Is he happy about this picture or not? I read somewhere (or have heard it) that a smile in Cambodia can mean many things–happiness, embarrassment, hurt or anger. Which one is this? I’m not sure. I’m potentially oblivious to doing the wrong thing.
Every now and then I become aware of, or I’m made aware of, my ignorance regarding my misdemeanours. It dawns on me that I’m making mistakes without being aware of most of them. In your home culture you have more of a sense of what is right and wrong and how to behave appropriately. In a new culture you don’t have that same awareness. You can easily fool yourself that you’re fitting in, when in reality you completely stand out by the errors you unwittingly make. Added to this is that in some places people won’t always pull you up when you’re doing the ‘wrong’ thing. The result is that you can end up doing many wrong things without being aware of it. Some of these wrong things are harmless and are just laughed off as ‘stupid foreigner’. Some wrongs can be more harmful, yet are still hidden from you (often through smiles that say more than you know).
This brings me to a second point. In moving to Cambodia we’ve moved to a culture that his high context (as opposed to Australia which is more a ‘low context’ culture). In a high context culture, like Cambodia, communication occurs as much through non-verbal communication as it does through verbal communication. In other words, its not just what you say or how you say it, but also what is not said that is just as important. You are looking for communication clues that come from body language or from the context of the communication (location, occasion, etc). In contrast, low context cultures like Australia communicate predominately through verbal communication and so less is communicated through body language or context (though that is still important).
What all this means is that not only are we navigating a new language system, we are also trying to learn how to pick up cues from what is not said. Picking up these non-verbal cues may help give us insight into the times when we do something wrong, particularly while our language abilities are still in infancy.
In the end my lack of awareness concerning the mistakes I make is just another aspect of ambiguity tolerance. But our hosts also need to be gracious and use ambiguity tolerance with us as well, until we realise or are shown our foibles. My hope is that this is creating in me more of a sense of humility, that many of my ‘sins’1 are being covered over.

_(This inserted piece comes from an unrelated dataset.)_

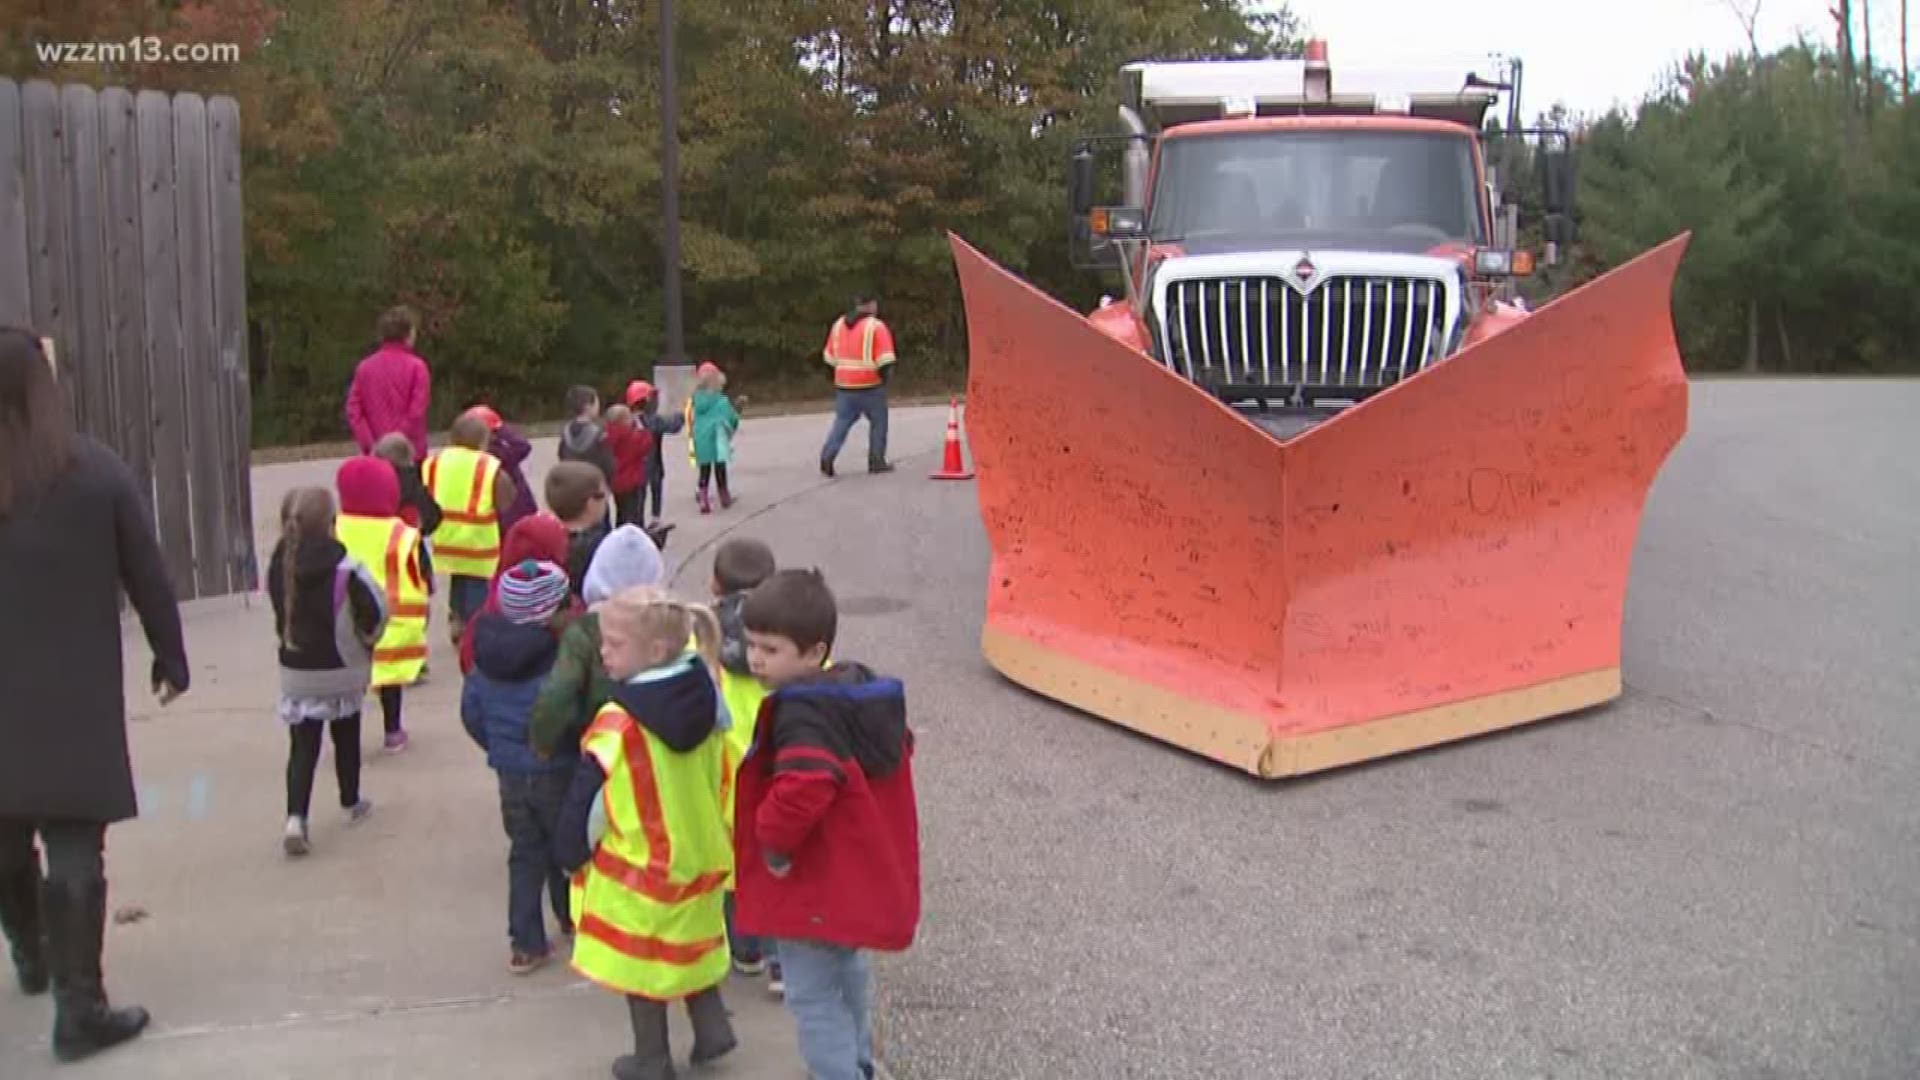 Snow plow drivers ask children to 'Play it Safe' this winter

- I actually think this aspect of culture learning is a great analogy for the Christian life. That is, in the early days we sin in tonnes of different ways that we are completely ignorant about. As we grow as Christians, it is through being confronted with God’s Word are shown just how sinful we are–the true extent of our mistakes and failures. As we see our sin more clearly we come to see God’s grace to us in Jesus death more and more deeply. My sins are not just those that I see or know. I’m am sinning constantly and much more deeply than I can know, yet Jesus death has paid for all these unintentional sins as well. ↩
Praying for you guys … I’m up with Mum and Dad at the moment and will be remembering to pray more – because of Mum’s dementia most of our communication is non- verbal although when I’m in synch I get a clap or a big open smile and it means I’ve understood! Same but different!
Thx for the reflection and your prayer for us. I think that situation with your mum is completely the same. As I’m made aware of the many oblivious mistakes I make with people of another culture it makes me reflect on that occurence with people in my own culture, particularly my kids.